1. Area Enclosed by a Curve and Lines:

The area enclosed by the curve $y=f(x)$, the $x$-axis, and the lines $x=a$ and $x=b$ (where $b>a$ ) is given by the formula:

Area $={\int }_a^{b}ydx={\int }_a^{b}f(x)dx$

2. Area Bounded by Curve and Horizontal Lines:

The area of the region bounded by the curve $x=\varphi (y)$ as its $y$-axis and the lines $y=c$ and $y=d$ is given by the formula:

Area $={\int }_c^{d}xdy={\int }_c^d\varphi (y)dy$

3. Area Between Two Curves and Vertical Lines:

The area enclosed between two given curves $y=f(x)$ and $y=g(x)$, and the lines $x=a$ and $x=b$, is given by the formula:

Area $={\int }_a^b[f(x)-g(x)]dx($ Where $f(x)\ge g(x)$ in $[a,b])$

4. Area Between Curves with Different Intervals:

If $f(x)\ge g(x)$ in $[a,c]$ and $f(x)\le g(x)$ in $[c,b]$, where $a<c<b$, then the resultant area between the curves is given as:

Area $={\int }_a^c[f(x)-g(x)]dx+{\int }_c^b[g(x)-f(x)]dx$

NCERT Application Of Integrals Class 12 Questions And Answers (Exercise)
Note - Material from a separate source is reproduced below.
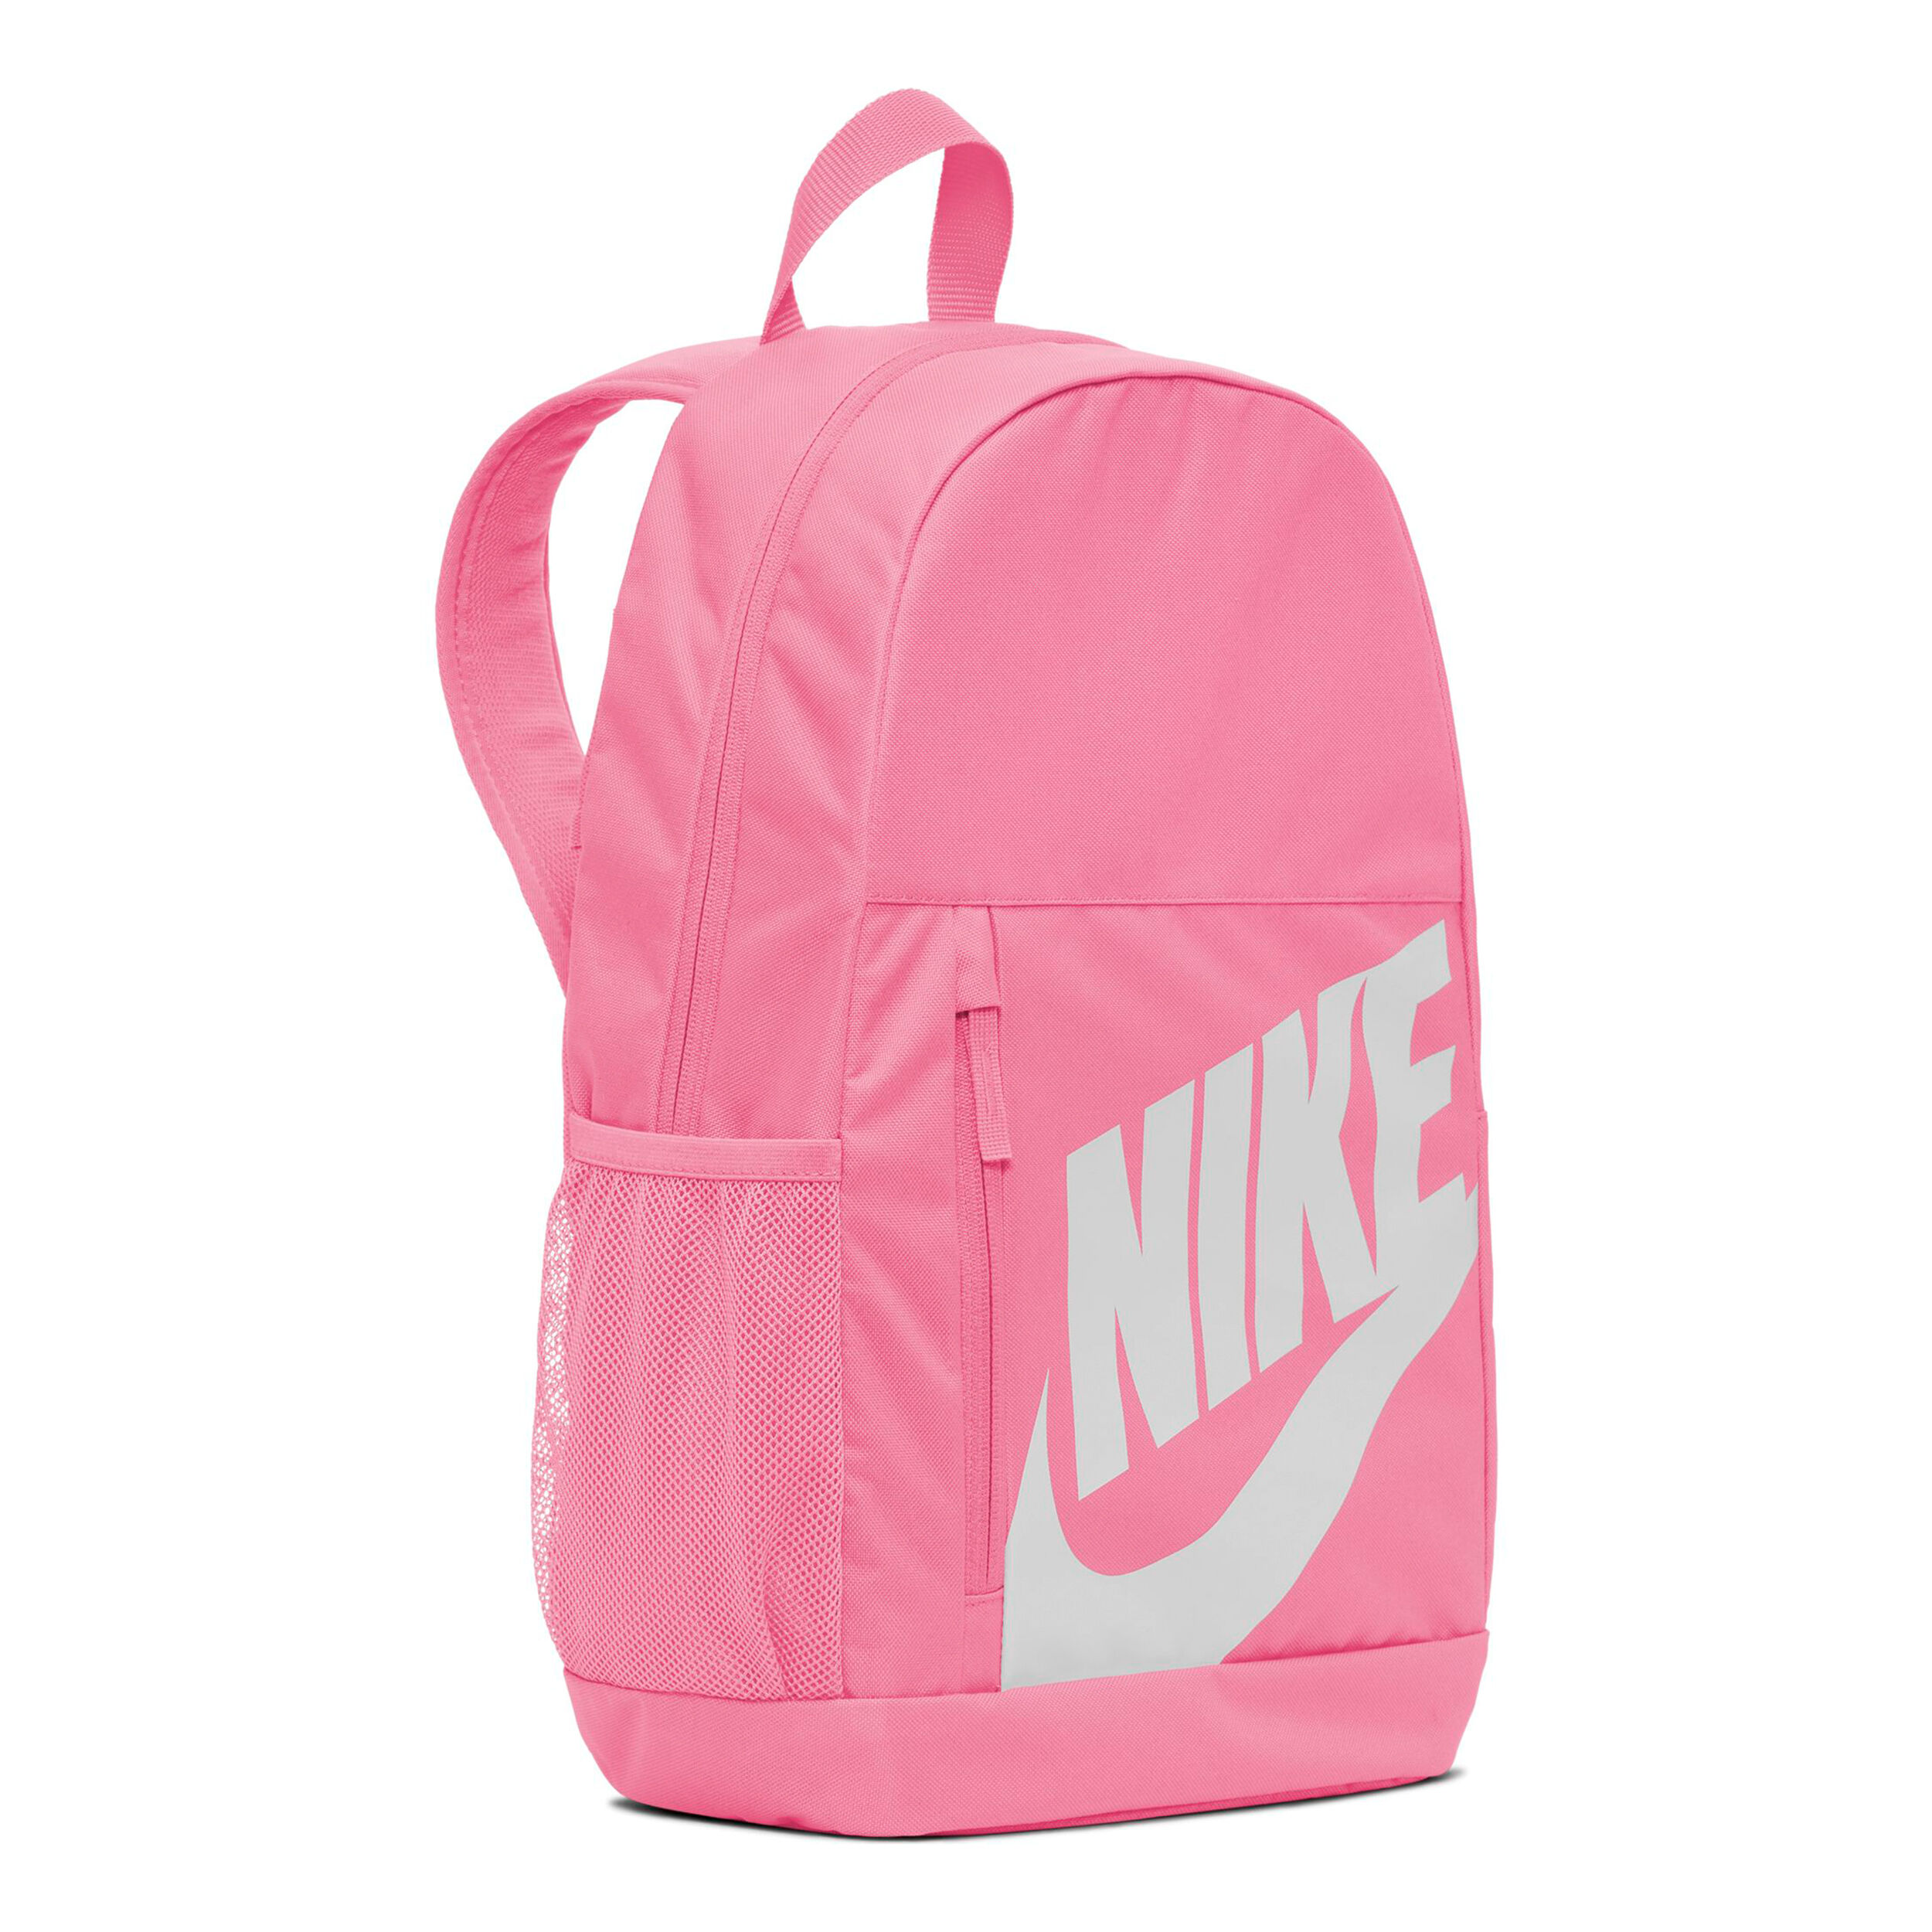 Nike Insulated Dome Lunch Box Tote School Bag Girls Pink New NWT | eBay

Question 1: Find the area of the region bounded by the ellipse $\frac{x^2}{16}+\frac{y^2}{9}=1.$

Answer:

The area bounded by the ellipse : $\frac{x^2}{16}+\frac{y^2}{9}=1.$

The area will be 4 times the area of EAB.

Therefore, $AreaofEAB={\int }_0^{4}ydx$

$={\int }_0^{4}3\sqrt{1-\frac{x^2}{16}}dx$

$=\frac{3}{4}{\int }_0^4\sqrt{16-x^2}dx$

$=\frac{3}{4}{[\frac{x}{2}\sqrt{16-x^2}+\frac{16}{2}{\sin }^{-1}\frac{x}{4}]}_0^4$

$=\frac{3}{4}[2\sqrt{16-16}+8{\sin }^{-1}(1)-0-8{\sin }^{-1}(0)]$

$=\frac{3}{4}\left[\frac{8\pi }{2}\right]$

$=\frac{3}{4}\left[4\pi \right]=3\pi$

Therefore the area bounded by the ellipse will be $=4\times 3\pi =12\pi units.$

Que,stion 2: Find the area of the region bounded by the ellipse $\frac{x^2}{4}+\frac{y^2}{9}=1$

Answer:

The area bounded by the ellipse : $\frac{x^2}{4}+\frac{y^2}{9}=1$

The area will be 4 times the area of EAB.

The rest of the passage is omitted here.